External sources of interference

GNSS receivers on-board UAVs can be particularly vulnerable to external sources of interference, be they intentional or not. In the sky, the signals from jammers can propagate over far longer distances than they would be able to on land.

In the case of UAV inspections of wind turbines for example, many countries encourage windmills to be built next to roads, a situation that increases the chance of interference from in-car chirp jammers. These devices though illegal are cheap and can be readily acquired on the internet. Using a chirp jammer, a truck driver can, for example, drive around undetected by the GPS trackers on the truck and car thieves can disable GPS anti-theft devices on stolen vehicles.

External interference: the effect of a chirp jammer on a UAV flight

Although transmitting with a power of around only 10 mW, chirp jammers are powerful enough to knock out GNSS signals in a radius of several hundred metres on land. In the air, the UAV is much more vulnerable as the jamming signals have a far greater reach, unhindered as they are by trees, buildings or other obstacles.
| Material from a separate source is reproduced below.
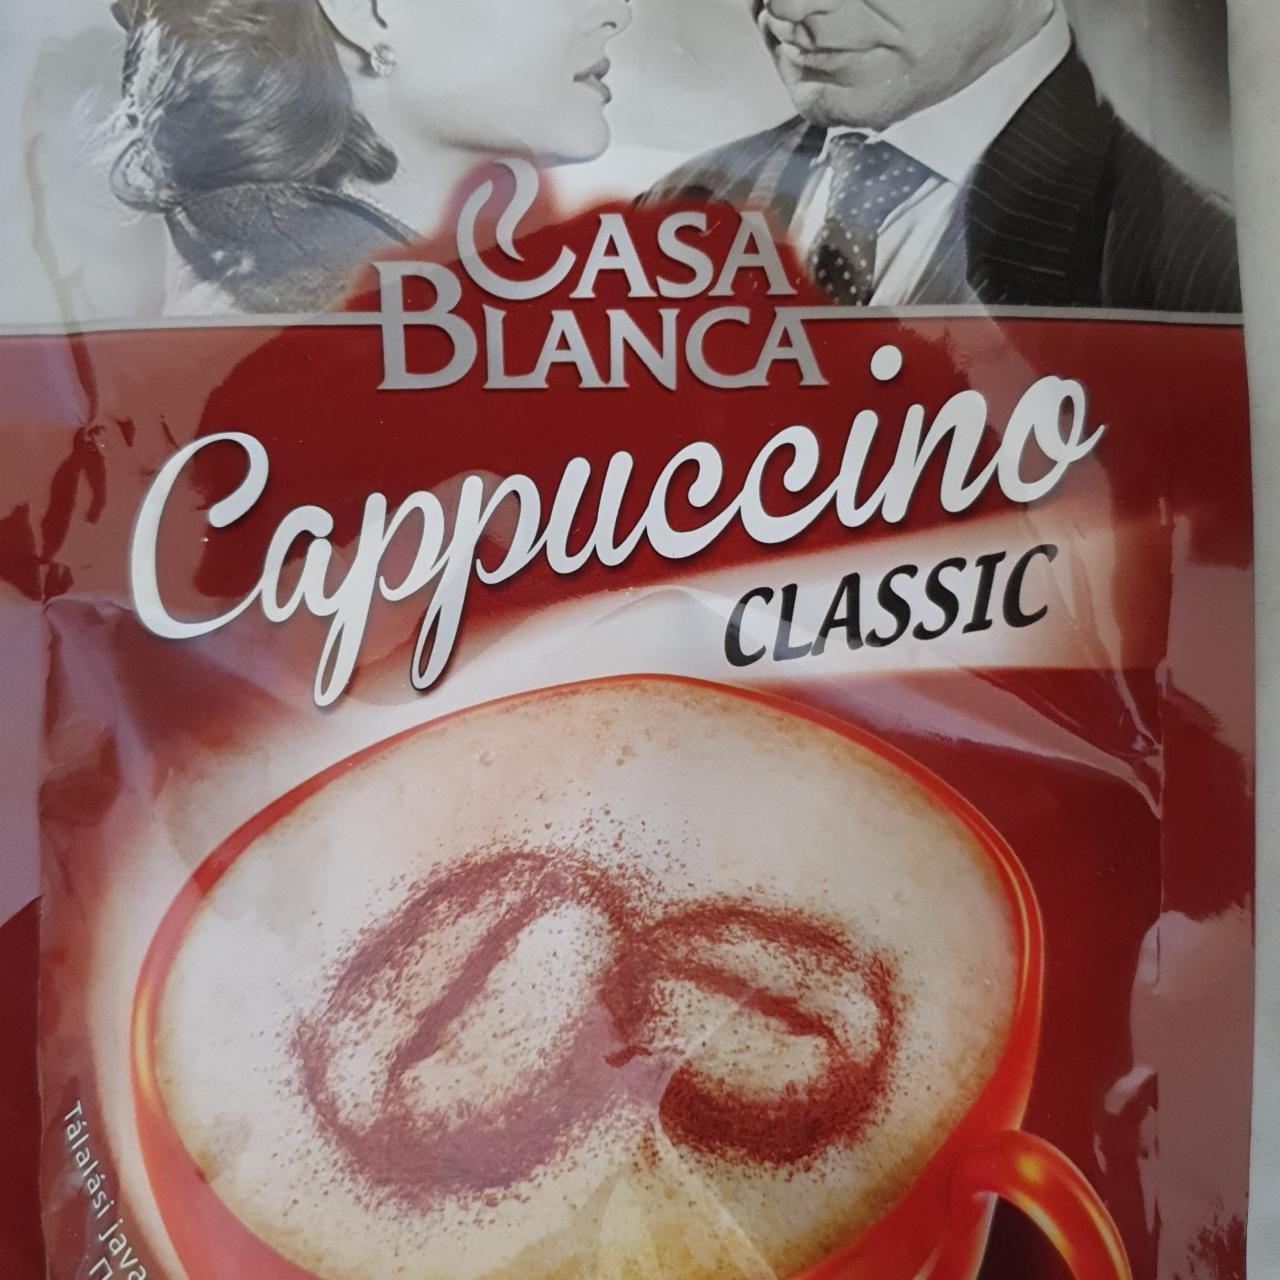 Képek - Cappuccino Classic Casa Blanca

Figure 2 shows how a 10mW chirp jammer can knock out RTK positioning over more than 1 km in a high-end receiver. Even a low-end consumer-grade L1 receiver, being less accurate and thus less sensitive, loses standalone positioning over several hundred metres.

 With AIM+ activated, the AsteRx4 is able to maintain an RTK fix throughout the simulated flight as well as showing no degradation to its position variance. The full details on these simulations can be found in a recent white paper.

Solving interference on UAV systems

A comprehensive approach puts interference considerations at the forefront of receiver design and incorporates it into every stage of signal processing. In the case of the AsteRx4 and AsteRx-m2, the antenna signal is immediately digitised after analogue filtering and automatically cleansed of interference using multiple adaptive filtering stages.

As each interfering signal has its own individual footprint, being able to visualise the RF signal in both time and frequency domains allows drone users to identify sources of self-jamming and adapt their designs accordingly before the drone gets in the air.

When it is in the air, AIM+ is able to mitigate jamming from external sources: a set of configurable notch filters are complemented by an adaptive wideband filter capable of rejecting more complex types of interference such as that from chirp jammers, frequency-hopping signals from DME/TACAN devices as well as high-powered Inmarsat transmitters.

chirp_jammer_interference

Figure 2: RTK position availability for the AsteRx4 with AIM+ activated and a comparable high-end receiver. The low-end receiver tracks L1 only and outputs less-precise standalone positions. A 10mW chirp jammer is located on the ground at position (0,0) as shown.